/javascript-algorithms-and-data-structures

Code and Notes from the JavaScript Algorithms and Data Structures Masterclass

Primary LanguageJavaScript

JavaScript Algorithms and Data Structures Masterclass

JavaScript Algorithms and Data Structures Masterclass The Missing Computer Science and Coding Interview Bootcamp

Code and Notes from the JavaScript Algorithms and Data Structures Masterclass by Colt Steele

Section 1: Introduction

  1. Curriculum Walkthrough
  2. What order should you watch in?
  3. How I'm running my code

Section 2: Big O Notation

2.1 Intro to Big O

Big O Slides

2.1.1 Objectives

  • Motivate the need for something like Big O Notation
  • Describe what Big O Notation is
  • Simplify Big O Expressions
  • Define "time complexity" and "space complexity"
  • Evaluate the time complexity and space complexity of different algorithms using Big O Notation
  • Describe what a logarithm is

2.1.2 Who Cares?

  • It's important to have a precise vocabulary to talk about how our code performs.
  • Useful for discussing trade-offs between different approaches.
  • When your code slows down or crashes, identifying parts of the code that are inefficient can help us find pain points in our applications.
  • Less important: it comes up in interviews!

2.2 Timing Our Code

  • An Example
// add-up-to-slower
function addUpTo(n) {
  let total = 0;
  for (let i = 1; i <= n; i++) {
    total += i;
  }

  return total;
}

// Timer
let t1 = performance.now();
addUpTo(1000000000);
var t2 = performance.now();
console.log(`Time Elapsed: ${(t2 - t1) / 1000} seconds.`)

// add-up-to-faster
function addUpTo(n) {
  return n * (n + 1) / 2;
}
  • What does better mean?

    • faster?
    • less memory-intensive?
    • more readable?
  • The Problem with Time

    • Different machines will record different times
    • The same machine will record different times!
    • For fast algorithms, speed measurements may not be precise enough.

2.3 Counting Operations

  • rather than counting seconds which are so variable, let's count the number of simple operations the computer has to perform.
  • depending on what we count, the number of operations can be as low as 2n or as high as 5n + 2
  • but regardless of the exact number, the number of operations grows roughly proportionally with n
  • If n doubles, the number of operations will also roughly double.
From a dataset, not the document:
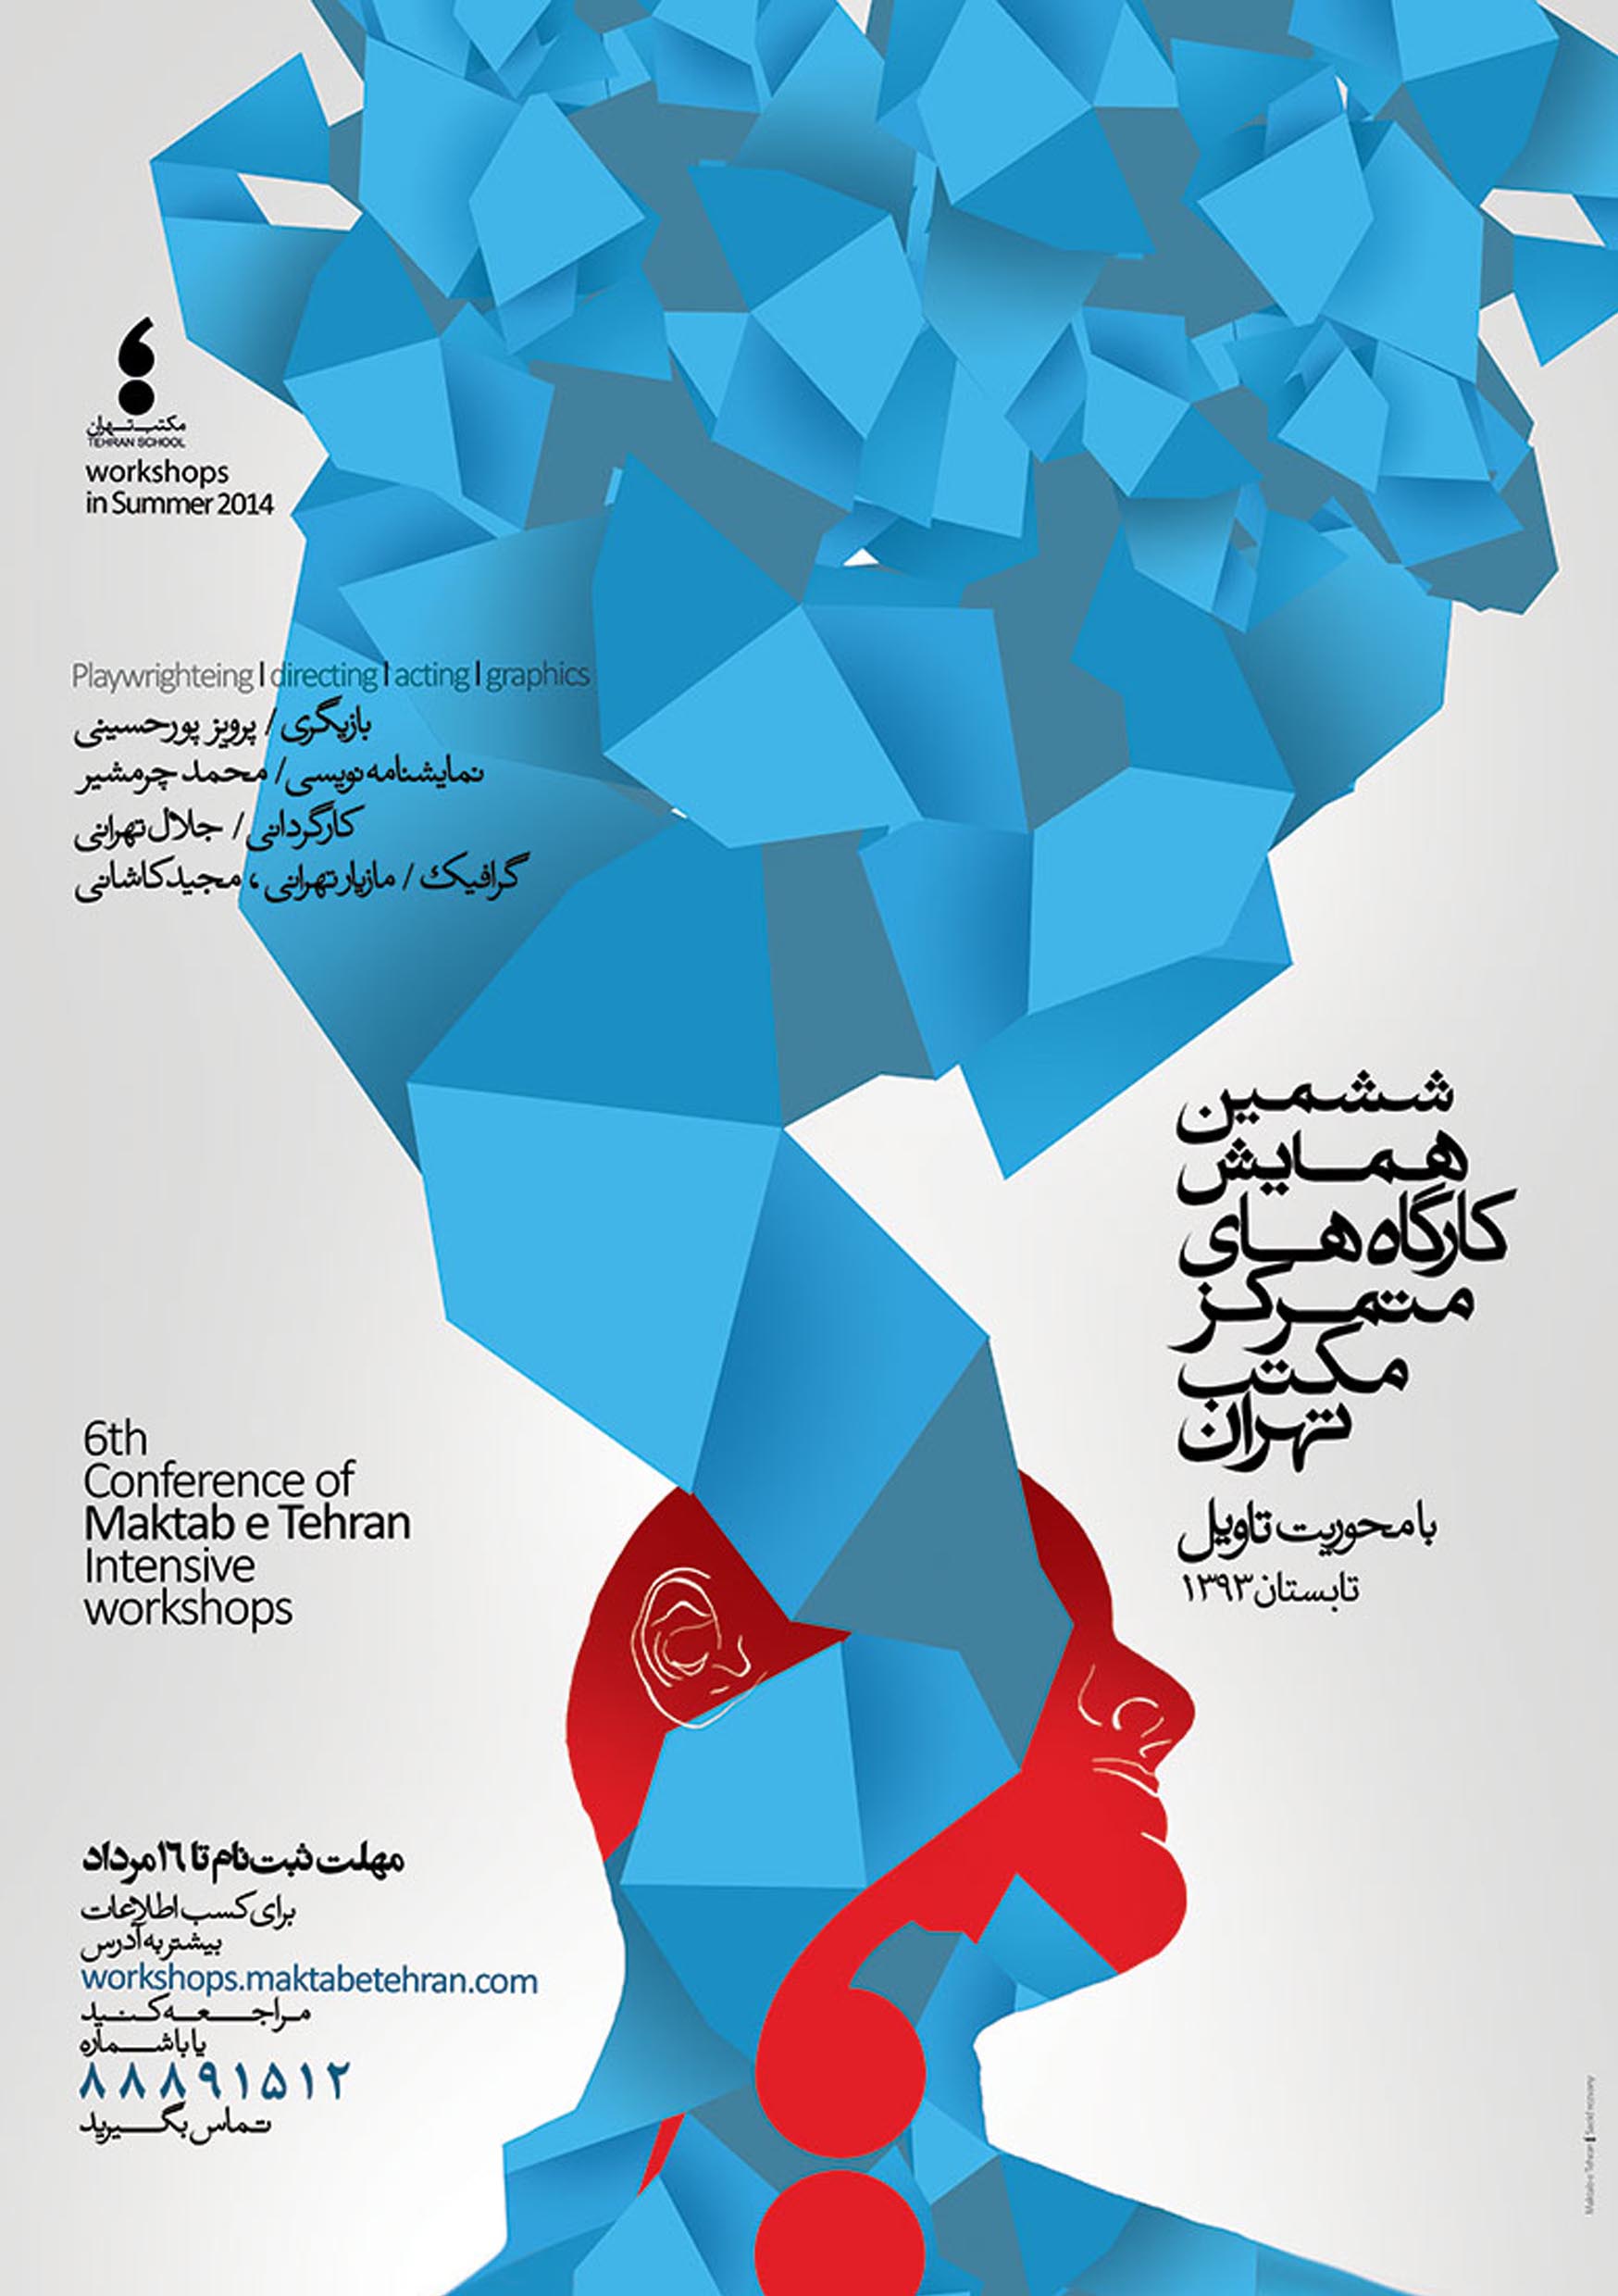 پوستر دوره ششم کارگاه های متمرکز مکتب تهران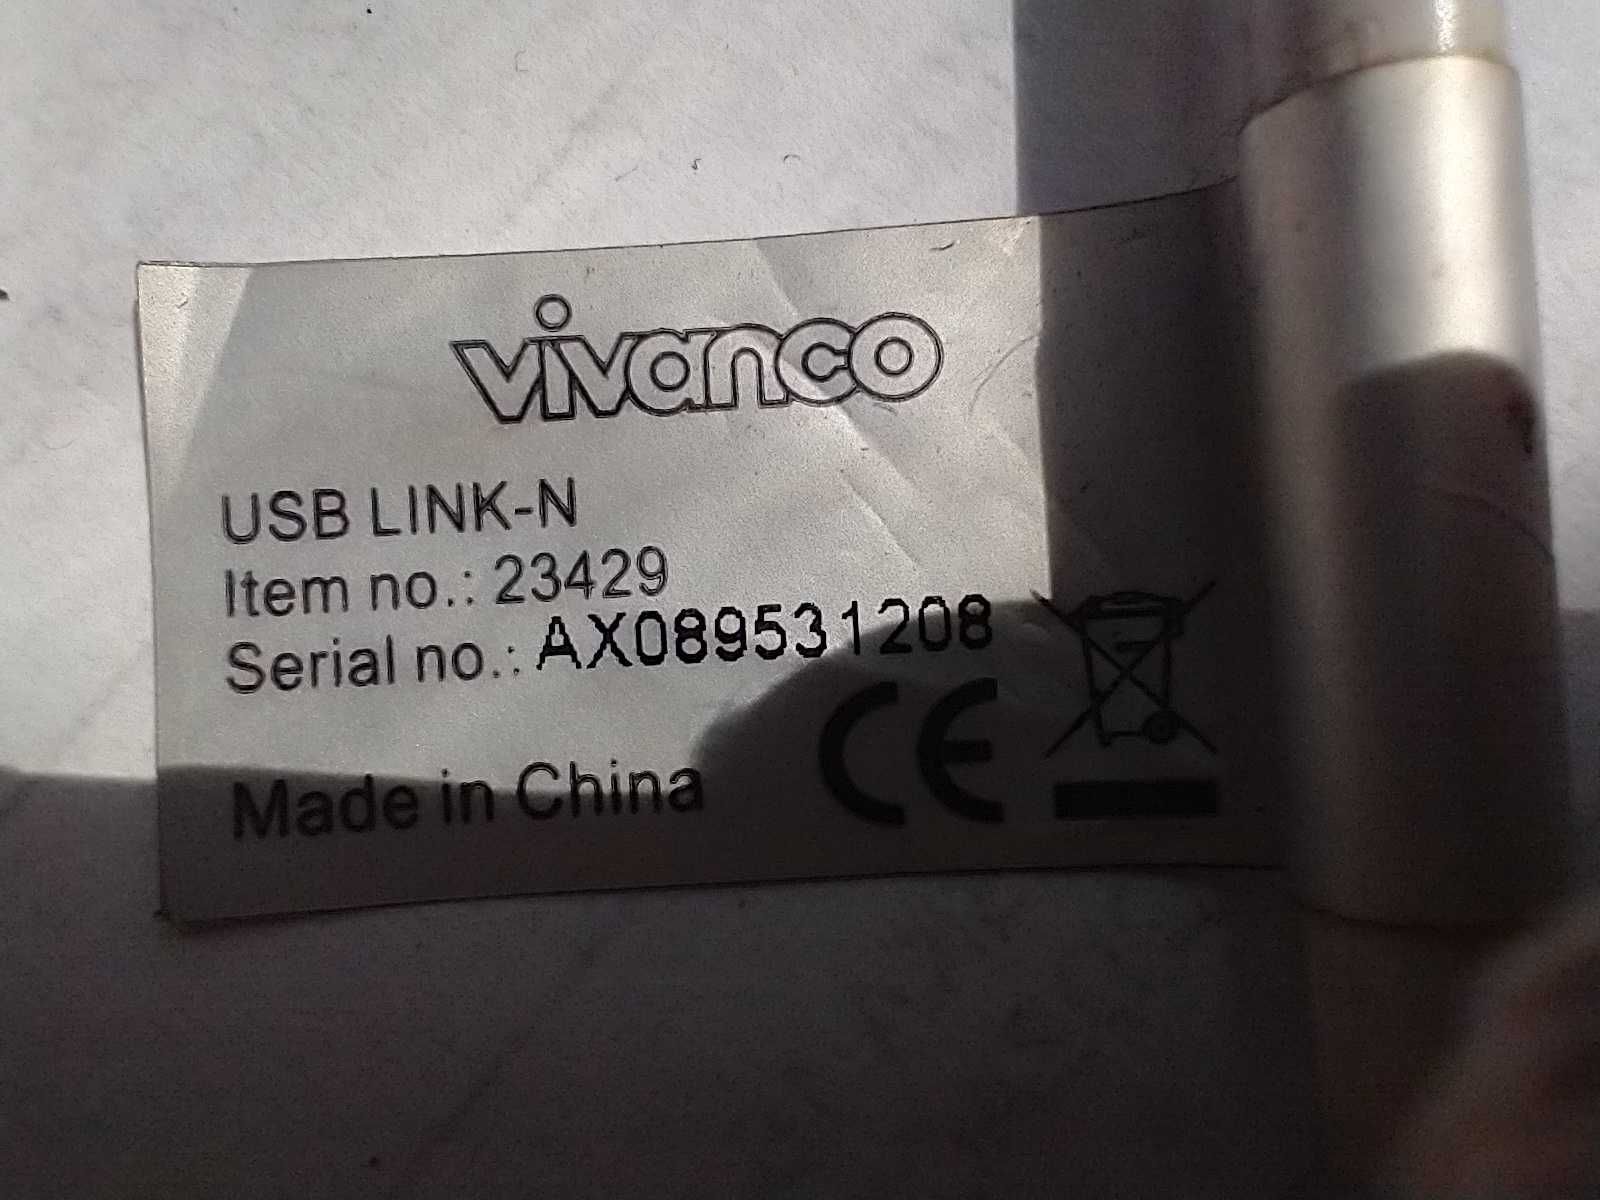 Przejściówka N- link- N USB-USB  Vivanco . połacz komputery przez USB

2.4 Visualizing Time Complexities

2.5 Official Intro to Big O

Big O Notation is a way to formalize fuzzy counting. It allows us to talk formally about how the runtime of an algorithm grows as the input grows. We won't care about the details, only the trends.

We say that an algorithm is O(f(n)) if the number of simple operations the computer has to do is eventually less than a constant times f(n), as n increases.

  • f(n) could be linear (f(n) = n)
  • f(n) could be quadratic (f(n) = n^2)
  • f(n) could be constant (f(n) = 1)
  • f(n) could be something entirely different

2.6 Simplifying Big O Expressions

  • Constants Don't Matter

    • O(2n) => O(n)
    • O(500) => O(1)
    • O(13n^2) => O(n^2)
  • Smaller Terms Don't Matter

    • O(n + 10) => O(n)
    • O(1000n + 50) => O(n)
    • O(n^2 + 5n + 8) => O(n^2)
  • Big O Shorthands

    • Arithmetic operations are constant
    • Variable assignment is constant
    • Accessing elements in an array (by index) or object (by key) is constant
    • In a loop, the complexity is the length of the loop times the complexity of whatever happens inside of the loop
  • A Couple Code Examples

// O(n)
function logAtLeast(n) {
  for (let i = 1; i <= Math.max(5, n); i++) {
    console.log(i)
  }
}

// O(1)
function logAtMost(n) {
  for (let i = 1; i <= Math.min(5, n); i++) {
    console.log(i);
  }
}
  • O(1) constant time
  • O(n) linear time
  • O(n^2) quadratic time

Time Complexity Quiz

  1. What is the time complexity for the following function?

    function logUpTo(n) {
      for (var i = 1; i <= n; i++) {
        console.log(i);
      }
    }

    O(n)

  2. What is the time complexity for the following function?

    function logAtMost10(n) {
      for (var i = 1; i <= Math.min(n, 10); i++) {
        console.log(i);
      }
    }

    O(1)

  3. What is the time complexity for the following function?

    function logAtLeast10(n) {
      for (var i = 1; i <= Math.max(n, 10); i++) {
        console.log(i);
      }
    }

    O(n)

  4. What is the time complexity for the following function?

    function onlyElementsAtEvenIndex(array) {
      var newArray = Array(Math.ceil(array.length / 2));
      for (var i = 0; i < array.length; i++) {
        if (i % 2 === 0) {
           newArray[i / 2] = array[i];
        }
      }
      return newArray;
    }

    O(n)

  5. What is the time complexity for the following function?

    function subtotals(array) {
      var subtotalArray = Array(array.length);
      for (var i = 0; i < array.length; i++) {
        var subtotal = 0;
        for (var j = 0; j <= i; j++) {
          subtotal += array[j];
        }
        subtotalArray[i] = subtotal;
      }
      return subtotalArray;
    }

    O(n^2)

2.7 Space Complexity

  • We can also use Big O notation to analyze space complexity: how much additional memory do we need to allocate in order to run the code in our algorithm?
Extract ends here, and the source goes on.